Using fsck to Check ufs File Systems
Tom Clark
Introduction
A file system is a mechanism for locating files on a
storage device
recording medium, the device implementing a compatible
internal data
storage structure (e.g., random access disks with fixed
block sizes
and sequential access tapes with variable block sizes).
The accessible
storage can be considered as an organized "pool"
of data storage
resources. There are several common types of UNIX file
systems [1-2],
but this article discusses only the UNIX ufs file system.
The concepts
presented are applicable to all UNIX file systems being
checked using
fsck.
File systems are generally logically independent of
the required underlying
physical storage devices, although their operation is
directly affected
by these storage devices (for example, errors affecting
the operation
of the devices commonly affect the file system structure
or the files
maintained by the file system). However, not all file
system errors
can be related to an error reported by the underlying
storage device
(some other storage device, or source of error, may
be the root cause).
For simplicity, my discussion will be limited to storage
devices attached
to the host computer via the SCSI (Small Computer System
Interface)
bus. These devices support an addressable linear array
of identical
logical blocks, each block containing 512 bytes of data
(other common
block sizes are 1024 and 2048). Focusing on SCSI systems
dictates
to some extent problem determination and error recovery/restart
procedures,
since these procedures are designed to support the selected
storage
devices. In conjuction with the discussion of using
fsck to
check ufs file systems, I present a system administrator's
script
for checking multiple file systems.
SCSI Disk Error Model
A very high percentage of SCSI disk errors occur when
data is retrieved
from the medium. Errors that occur when storing data
are usually not
detected until the data is retrieved, although if the
device is unable
to locate the proper block on a write operation it can
immediately
signal a write error.
Even though the majority of accesses to a disk are data
retrieval
operations, complete media testing entails testing both
storage and
retrieval operations. The device that supports defect
management enables
linking around defective blocks. Typically, this service
is performed
either in response to the execution of a disk maintenance
command
or at the direction of a disk device driver in response
to a "hard
error" reported by the device.
A "hard error" exists: 1) where the device
signals that it
is unable to recover data (e.g., too many errors); or
2) where successive
unsuccessful attempts to correctly retrieve data (errors
reported
along with the data) are halted by the device driver.

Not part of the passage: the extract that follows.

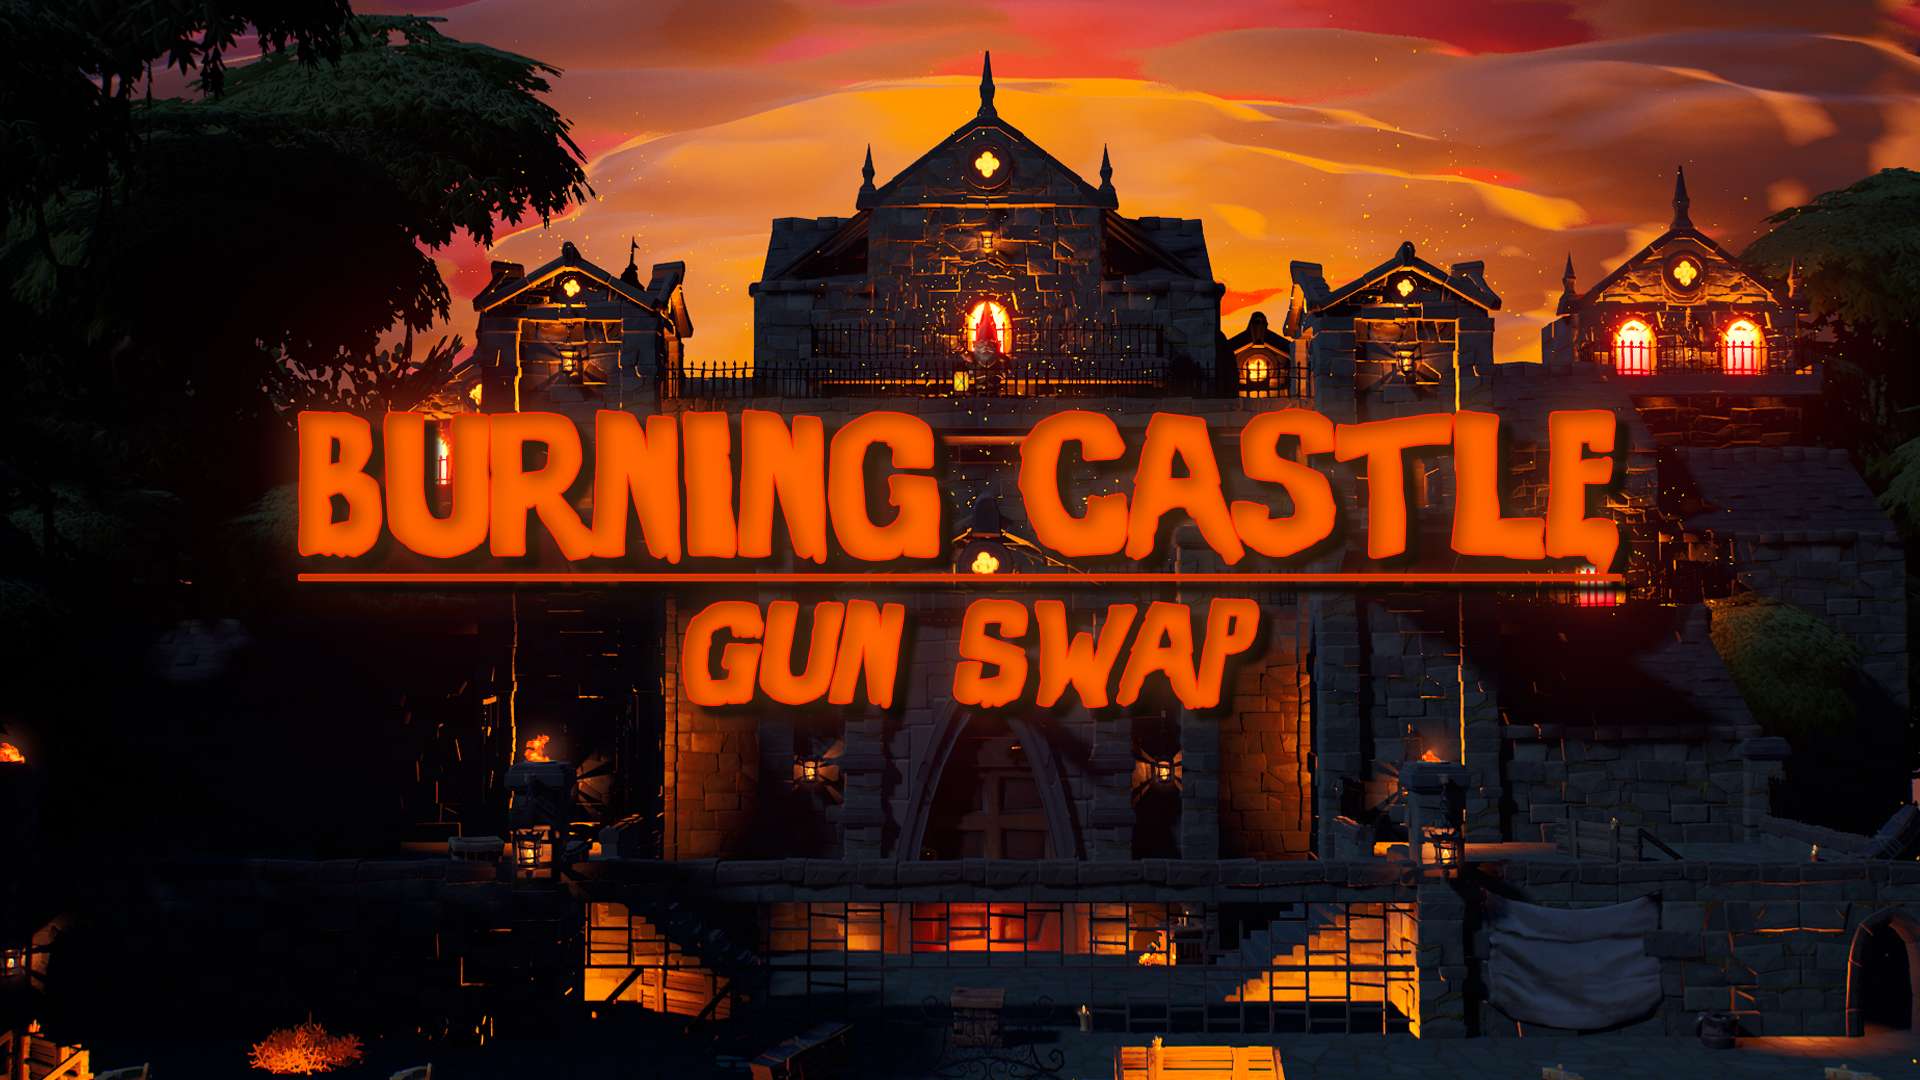 BURNING CASTLE: GUN SWAP
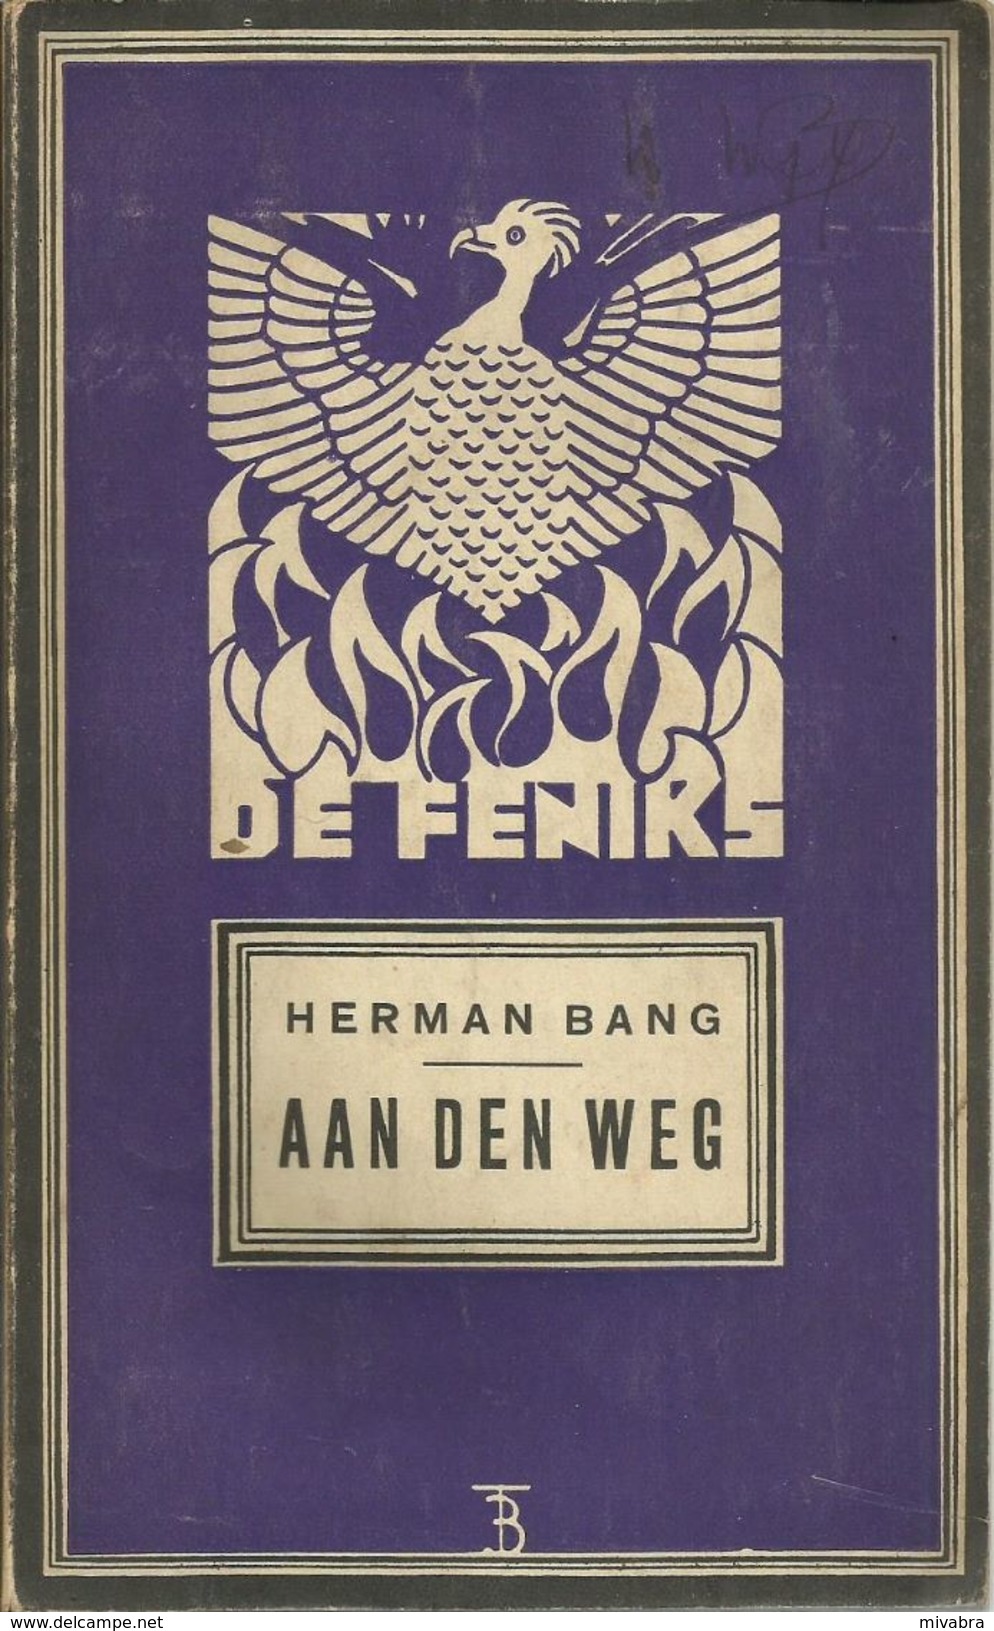 AAN DEN WEG - HERMAN BANG - REEKS DE FENIKS (6de Boek In De 9de Letterkundige Reeks) - UITGEVERIJ HET KOMPAS ANTWERPEN - Antique

The disk driver may have previously requested that the
device automatically
reassign a "bad" block during an initialization
phase. If
not, it may issue a separate command to the device to
reassign the
known "bad" block. It may also choose to do
nothing, leaving
a hole in the linear array and presenting an opportunity
for another
utility to attempt a patch of the linear array.
Successive unsuccessful attempts to retrieve data followed
by a single
successful data retrieval can occur before the device
driver halts
the data retrieval operations. Each such unsuccessful
attempt is termed
a "soft error." Excessive "soft errors"
are indicative
of future problems and should be corrected during preventive
maintenance.
The reassignment of a data block may result in data
loss even though
performed without additional errors. This usually happens
when the
device is unable to correctly recover data from the
"bad"
block and transfer it to the patch block.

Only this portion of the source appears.